2.2 Kondisi Kesehatan di Indonesia


Sehat merupakan hak asasi setiap warga negara yang diatur dalam
konstitusi Indonesia. Tidak hanya sebagai hak, "sehat" menjadi kewajiban negara
karena sejatinya komponen tersebut merupakan investasi penting bagi suatu
bangsa. Kini rakyat Indonesia mengalami empat transisi masalah kesehatan yang
memberikan dampak "double burden" alias beban ganda. Keempat transisi
tersebut adalah transisi demografi, epidemiologi, gizi, dan transisi perilaku.
Transisi demografi ditandai dengan usia harapan hidup yang meningkat,
berakibat penduduk usia lanjut bertambah dan menjadi tantangan tersendiri bagi
sektor kesehatan karena meningkatnya kasus-kasus geriatri. Sementara itu,
masalah kesehatan klasik dari populasi penduduk yang bayi, balita, remaja, dan
ibu hamil tetap saja belum berkurang.
Transisi epidemiologi datang dengan dua kelompok kasus penyakit, yaitu
penyakit menular dan penyakit tidak menular. Penyakit menular seperti
tuberkulosis, malaria, demam berdarah, diare, cacingan, hepatitis virus, dan HIV
tetap eksis dari tahun ke tahun. Di sisi lain, penyakit tidak menular yang
berlangsung kronis seperti penyakit jantung, hipertensi, kencing manis, gagal
ginjal, stroke dan kanker, kasusnya makin banyak dan menyerap dana kesehatan
dalam jumlah yang tidak sedikit.
Transisi ketiga terjadi pada sektor gizi.
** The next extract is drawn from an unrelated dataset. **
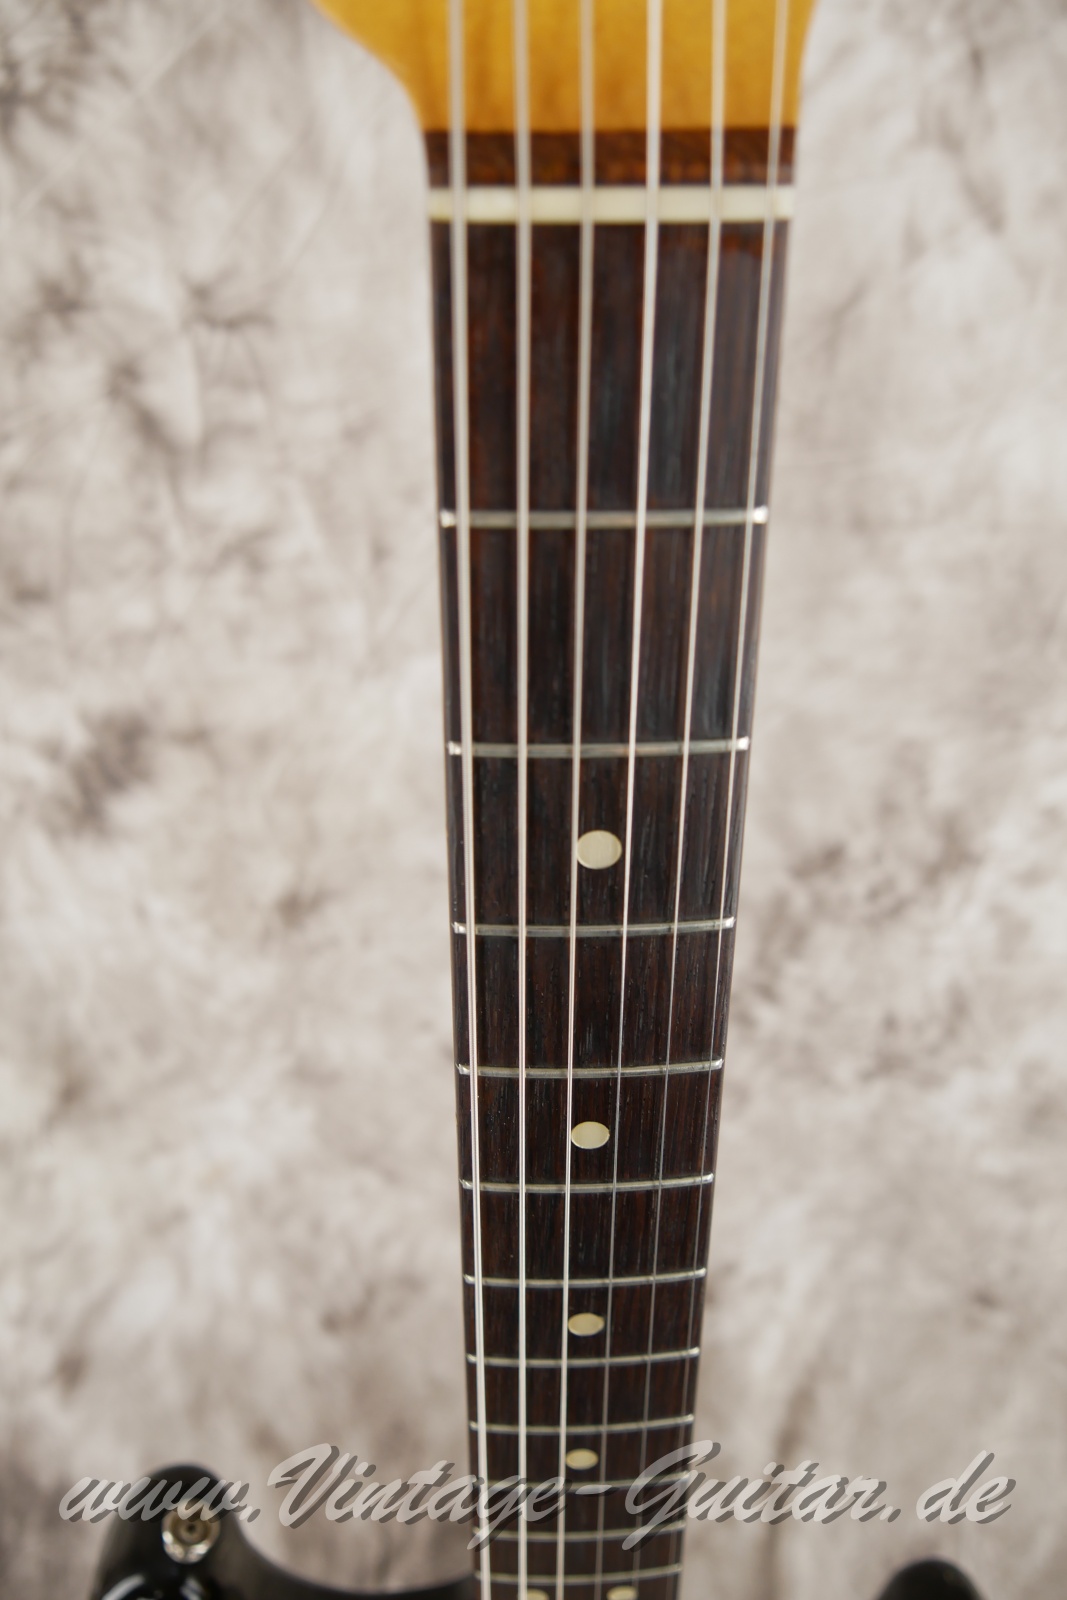 Fender-Stratocaster-1965-sunburst-007.JPG

Di satu sisi kita berhadapan dengan
kasus penduduk gizi lebih (kegemukan/ obesitas), sementara kasus gizi kurang
masih tetap terjadi. Transisi keempat adalah pada pola perilaku (gaya hidup).
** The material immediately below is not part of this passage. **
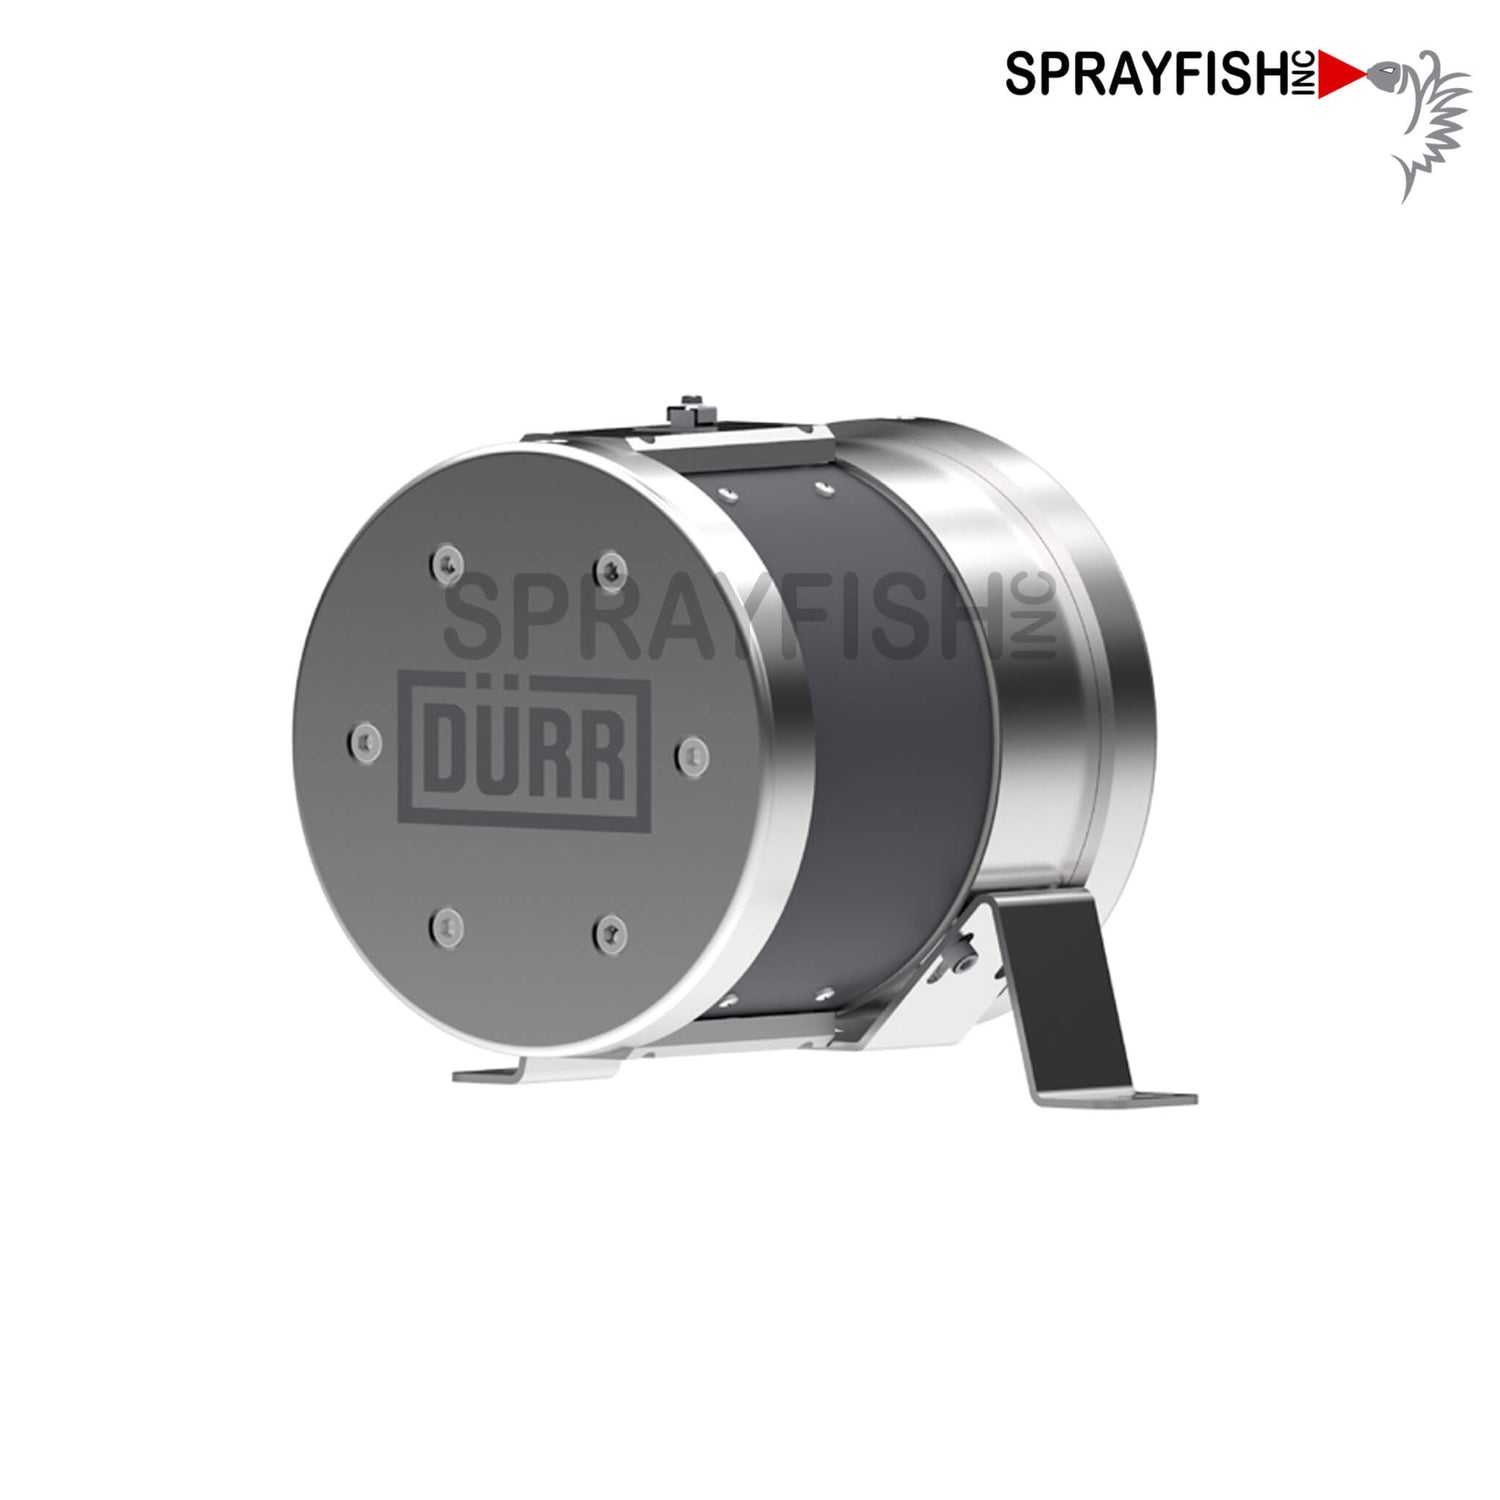 Durr EcoPump 3:1 Double Diaphragm Stainless Pump System

Perilaku hidup "modern", atau lebih tepatnya "sedentary" mulai menjadi

4
kebiasaan baru bagi masyarakat. Gaya hidup serba instan, termasuk dalam
memilih bahan pangan, dan kurang peduli aspek kesehatan, sementara sebagian
yang lain masih percaya mitos-mitos yang diwariskan berkaitan dengan sakit-
sehatnya seseorang.
Dari keempat transisi tersebut, yang paling berat membebani kita saat ini
adalah peningkatan prevalensi penyakit tidak menular. Dulu, penyakit jantung,
pembuluh darah, gagal ginjal, stroke, hipertensi, kencing manis, kanker, dan
lainlain penyakit kronis akrab dengan populasi penduduk kaya. Kini, penduduk
dengan penghasilan menengah ke bawah juga sudah banyak yang mengalami sakit
serupa.Guru besar administrasi kesehatan dari Universitas Berkeley Henrik L
Blum menyatakan bahwa ada empat faktor yang memengaruhi status kesehatan
manusia/rakyat, yaitu lingkungan, perilaku manusia, pelayanan kesehatan, dan
genetik/keturunan.
Secara sederhana, Hodgetts dan Cascio membagi dua pelayanan
kesehatan, yaitu pelayanan kesehatan masyarakat dan pelayanan kesehatan
perorangan. Pelayanan kesehatan masyarakat dilaksanakan oleh ahli kesehatan
masyarakat, dengan perhatian utama pada upaya memelihara kesehatan rakyat dan
mencegah penyakit. Pelayanan kesehatan berikutnya adalah layanan kesehatan
perorangan yang tenaga pelaksana utamanya adalah dokter, dengan perhatian
utama pada penyembuhan dan pemulihan penyakit. Sasaran utama adalah
perorangan dan keluarga. Jenis layanan ini menurut Hodgetts dan Cascio kurang
memperhatikan aspek efisiensi. Beberapa penyakit seperti insfeksi saluran
pernapasan akut (ISPA), turbekulosis, dan diare kini sudah digantikan oleh
penyakit, seperti diabetes, stroke, penyakit jantung, dan penyakit kardiovaskular
lainnya.Penyakit-penyakit tersebut diidap bukan berasal dari penularan, melainkan
pola hidup tidak sehat dari masyarakat itu sendiri.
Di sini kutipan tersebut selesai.